– Мне очень жаль, Камилла. Я знаю, ты любишь это место… И ты одна из лучших косметологов из тех, с которыми мне доводилось работать. Но Джон всегда хотел вернуться в Честер, и теперь, когда он ушел на покой, я уже не могу сказать ему «нет». Откровенно говоря, я считаю, что перемена пойдет нам на пользу.

– Когда планируешь продать? – поинтересовалась Камилла, стараясь сохранить спокойствие.

– Я пока не говорила ни Тэсс, ни другим, но хочу выставить салон на продажу на этой неделе. Надеюсь, мы сможем продать его как действующее предприятие. Но между нами говоря, Камилла, думаю, что Тэсс здесь не задержится. Ей уже сейчас не терпится сменить работу. Это заметно.

– Да. – Камилла попыталась улыбнуться. Ни одна из них не высказалась по поводу ее собственных перспектив найти работу.

– Прости, дорогая. Я так боялась тебе признаться. – Кей дотронулась до руки Камиллы, как бы извиняясь.

– Что за глупости. Делай то, что считаешь нужным. Какой смысл задерживаться здесь, если предпочитаешь жить в другом месте?

– Там мой сын, как тебе известно.

– Всегда хорошо быть рядом с родными.

– Мне очень его не хватало. А сейчас его жена, Дебора, ждет пополнения. Я тебе говорила?

Камилла правильно отреагировала, заинтересованно похмыкав. Она слышала свой голос, но он словно принадлежал другому человеку, который одобрял, удивлялся, успокаивал, пока она сама лихорадочно подсчитывала в уме, во что им обойдется ее увольнение.

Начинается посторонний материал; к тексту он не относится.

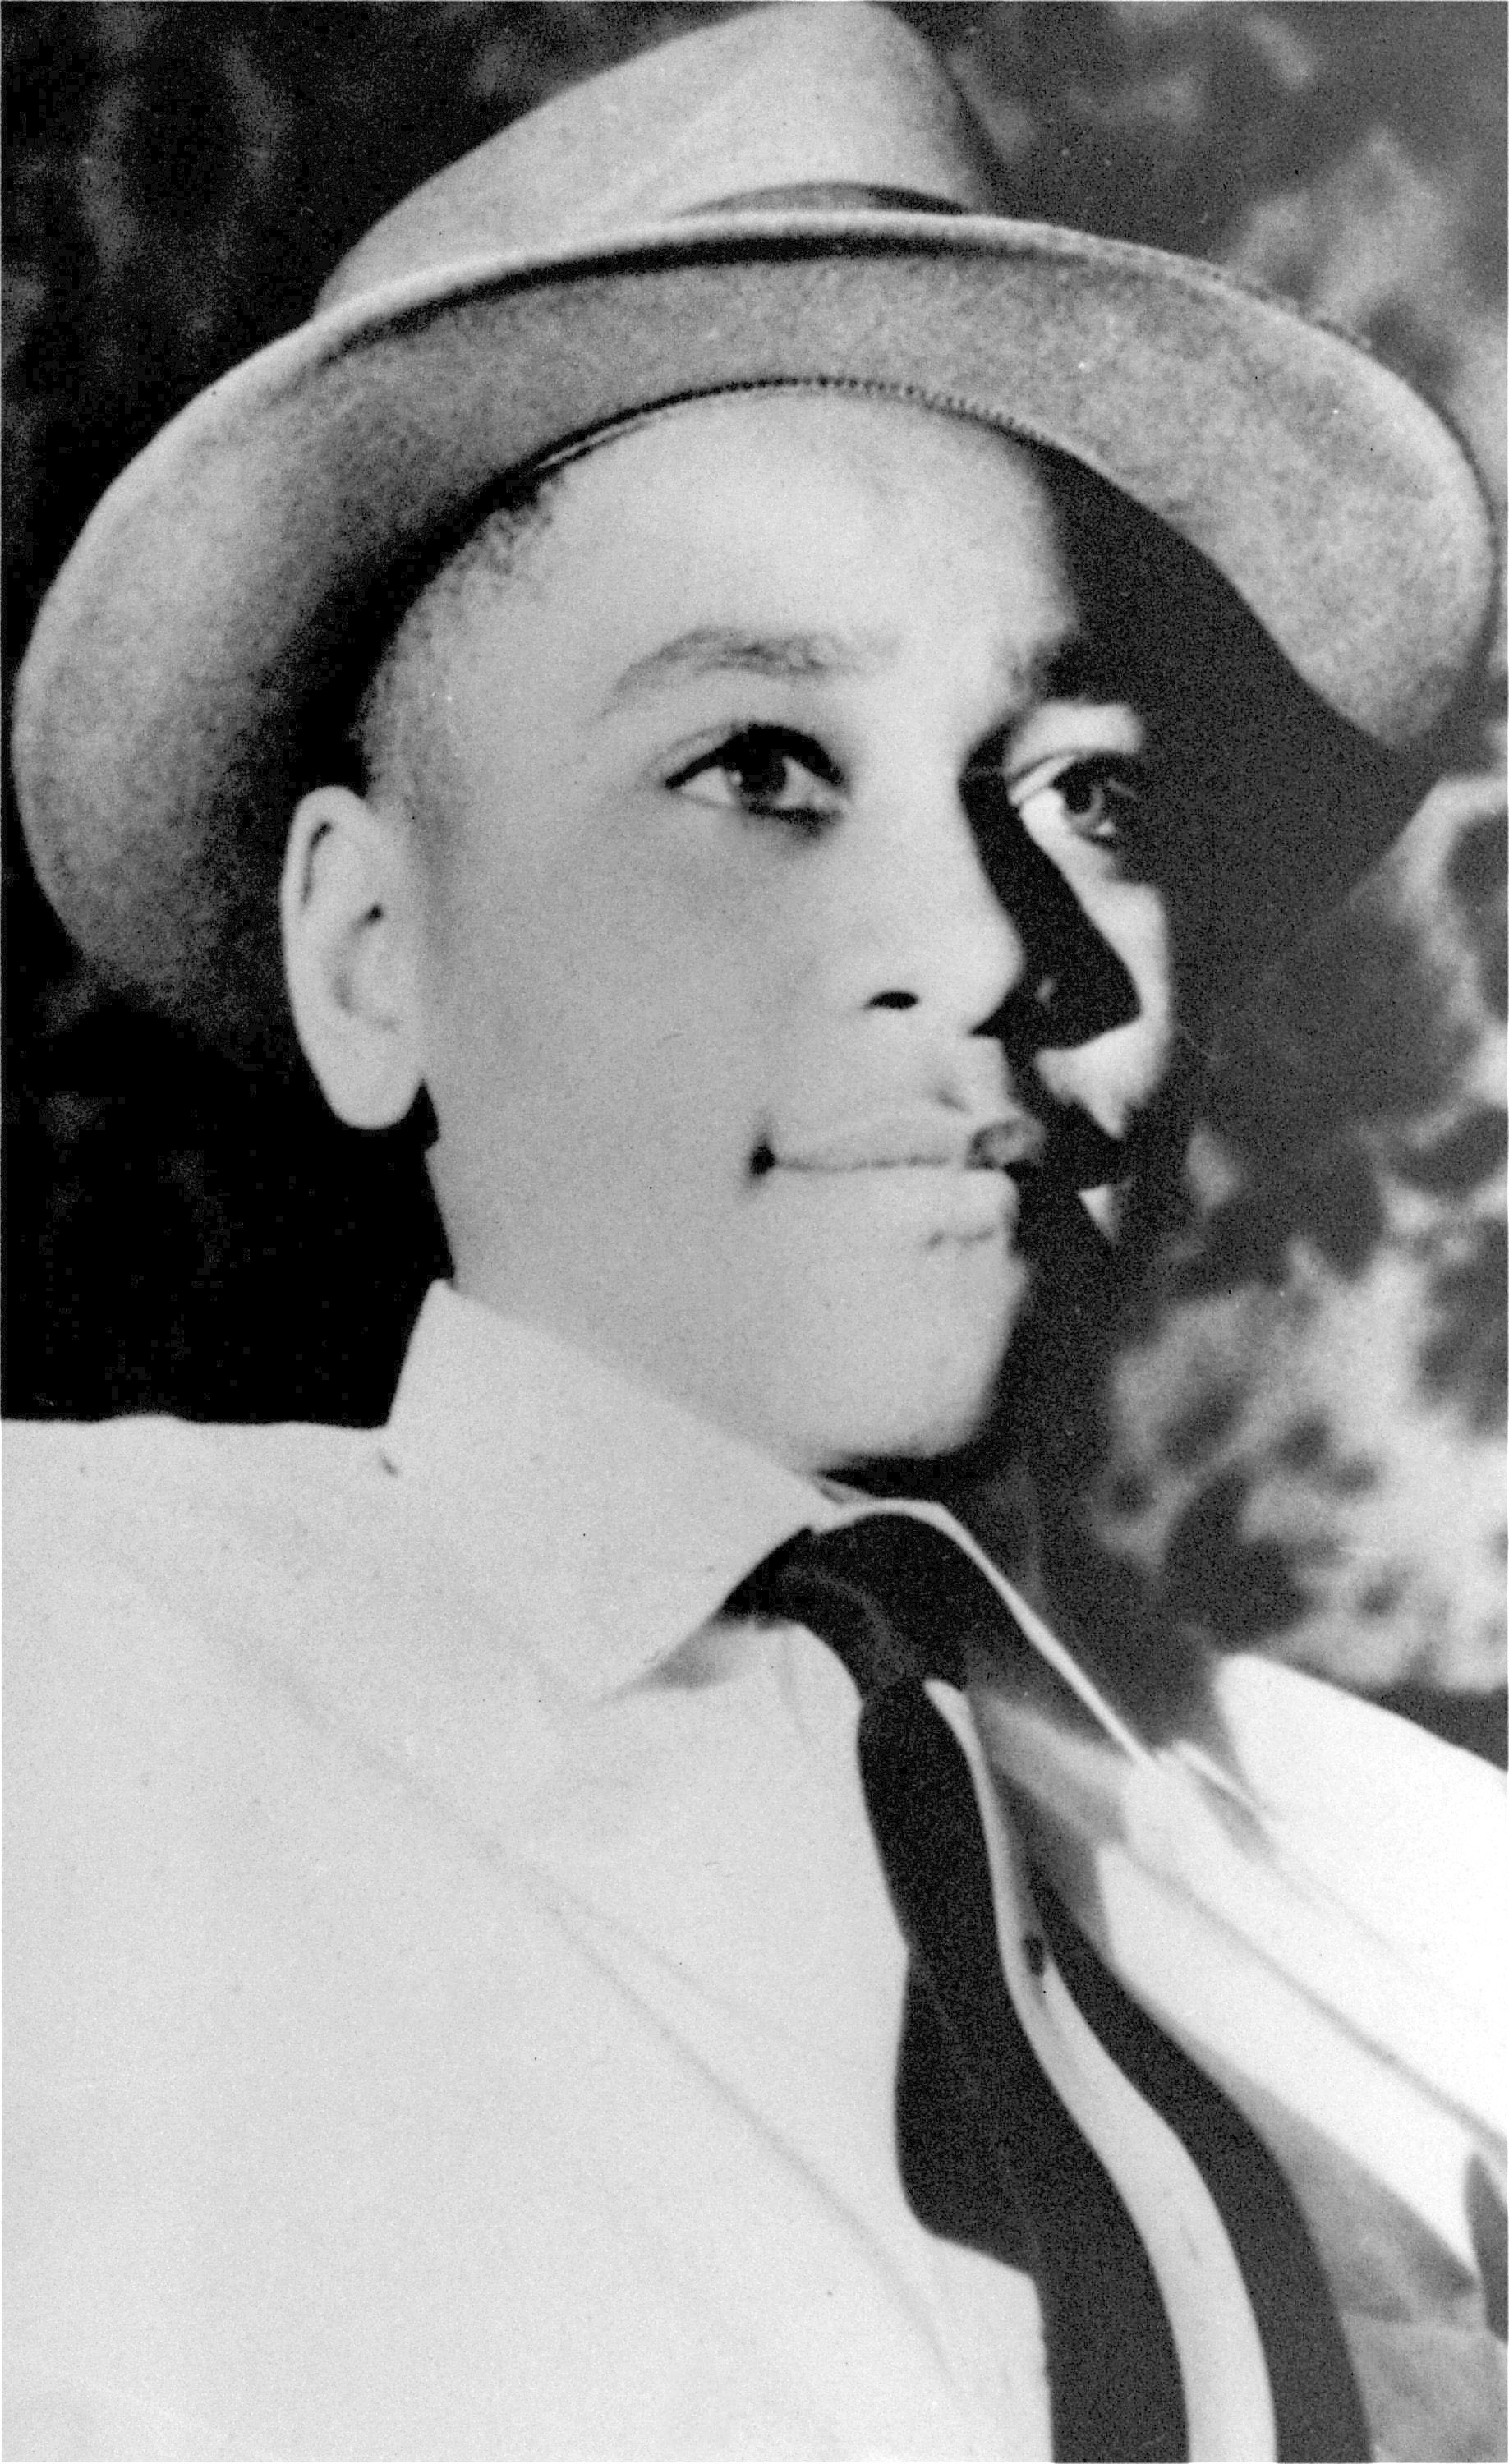 This undated file photo shows Emmett Till, a 14-year-old black Chicago boy, whose body was found in the Tallahatchie River near the Delta community of Money, Miss., Aug. 31, 1955. (AP)

Худшего времени, чтобы потерять работу, и быть не могло. Вчера вечером Хэл сообщил ей, что, если не получит заказа в ближайшие десять дней, придется признать поражение и свернуть бизнес. Все это он сказал на удивление спокойно, бесстрастно, но, когда она потянулась к нему в ту ночь, пытаясь утешить, он мягко ее оттолкнул и повернулся спиной в молчаливом укоре. Она не настаивала. Она теперь вообще ни на чем не настаивала. «Пусть он возвращается к вам постепенно» – так советовал семейный психолог. Он не сказал, что Камилле делать, если муж все-таки не вернется.

Камилла неподвижно сидела перед процедурной, вполуха слушая звуки, которые обычно дарили ей покой: тихое жужжание фена, шарканье мягких туфель по деревянному полу, обрывки болтовни.

То, что она потеряет работу, – не его вина, но он воспользуется этим обстоятельством для очередного самобичевания, очередного повода еще больше увеличить расстояние между ними. «Нельзя ему сейчас говорить, – подумала она. – Я не могу с ним так поступить».

– Все в порядке, Камилла?

– Все отлично. Спасибо, Тэсс.

– Только что записала миссис Грин на ароматерапию для лица на вторник. График у тебя заполнен, поэтому я предложила обслужить ее сама, – но нет, оказалось, что я не подойду… Она сказала, что хочет поговорить с тобой о чем-то. – Тэсс добродушно рассмеялась. – Как бы я хотела узнать, что эти женщины тебе рассказывают, Камилла. Полагаю, однажды ты станешь сенсацией для «Мировых новостей».

– Что?

– Я имею в виду все их романы, откровения. Я знаю, ты очень осторожна, но, бьюсь об заклад, наш городишко – рассадник дурного поведения.

* * *

В четверти мили от дома, на берегу, Дейзи сидела на небольшой площадке, поросшей дерном, в нескольких футах над бухтой. Элли спала в коляске. Небо было ярким и безоблачным, волны вежливо плескались, тихо перекатываясь взад и вперед по пляжу. В руке Дейзи держала письмо.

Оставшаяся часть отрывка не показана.